Мужики из дворовых растянули стяг, начали гудеть. Вернулся Зажогин.

—  Ну, как там? — Мазанов продолжал смотреть на усадьбу. Только теперь ему стали видны битые во многих местах окна. — Порядок?

—  Худород лишком, — удрученно покачал головой Зажогин. — Перекид чуть не до ветра, а в скирдянках — фигарь. Молотилово сушит.

—  В убыток течет, — цыкнул Мазанов. — Скоро и двум тысячам обрадуешься, как сальному венику!

—  You’re going too hard, lad! — усмехнулся Джонс. — Take it easy!

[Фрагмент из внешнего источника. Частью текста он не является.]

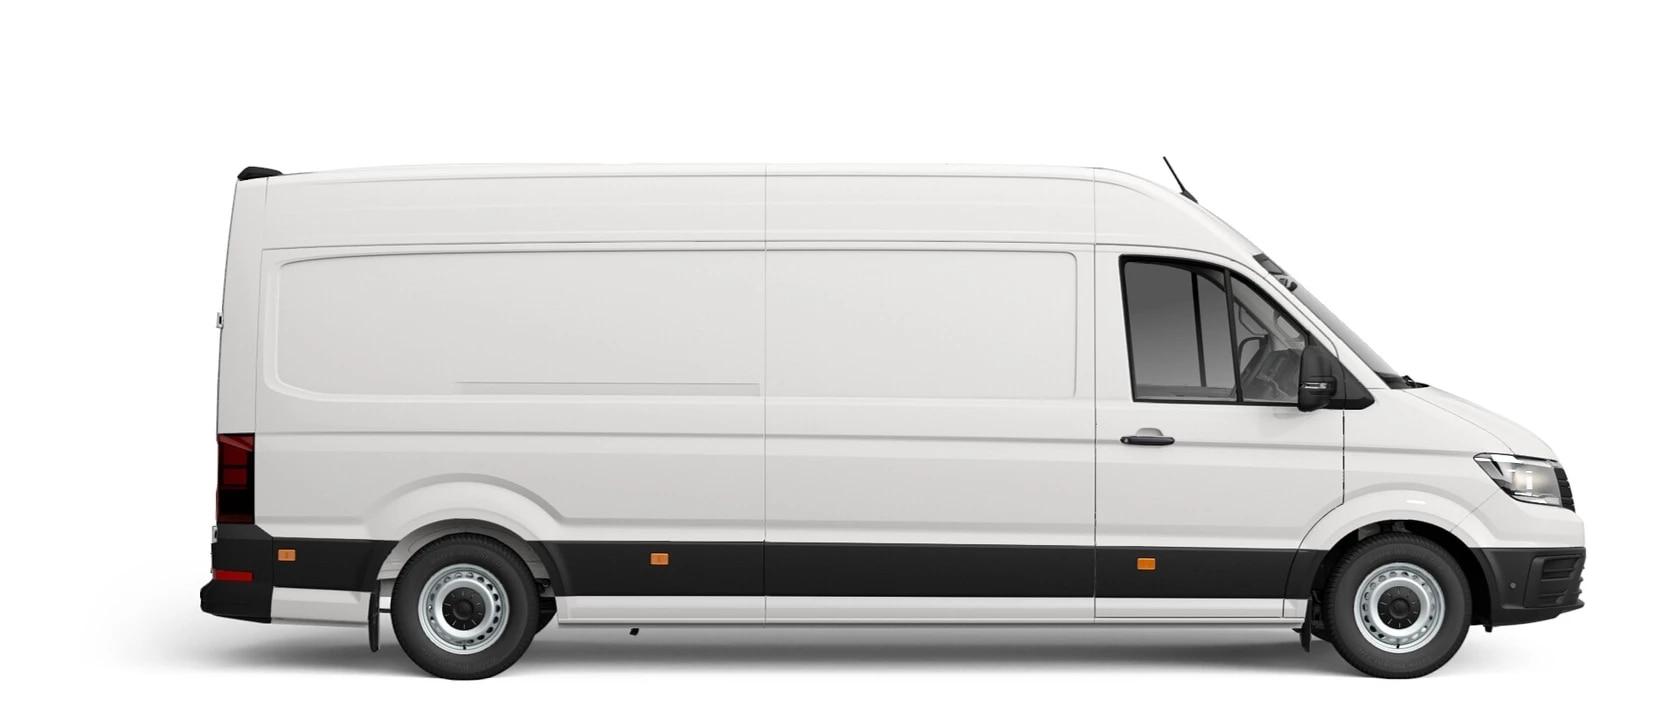 2020 Volkswagen Crafter SY1 35 Runner LWB Van

—  А вы, Джонс, оказывается, пустая фифа! — горестно воскликнул Мазанов, переводя взгляд на мужиков. — Вы думаете, легко ощущать, как жизнь твоя рушится в ежесекундье и увядает вслед за цветами прошлого, вслед за горчащим теперь привкусом горячего шоколада, который давала нам с Виктором Глашка с толстыми щеками? Взгляните, Джонс, на некогда лучшую беседку в уезде! Сядете ли вы туда с растрепанным томиком Парни и с первою кислой антоновкой? А вы говорите — take it easy!

—  Я не знаю как у вас, мистер Мазаноф, а у нас на родине говорят — “ red bull — возьми быка за рога», — Джонс отвернулся, сорвал сухую, полевого цвета былинку, сунул ее в рот, будто бы покончив с разговором раз и навек. Мазанов ничего не сказал, а посмотрел лишь на покосившиеся от ветров перемен ворота, в которые, бывало, въезжал генерал-губернатор Фельюков, а теперь въехали лишь они и более въезжать никто не намеревался.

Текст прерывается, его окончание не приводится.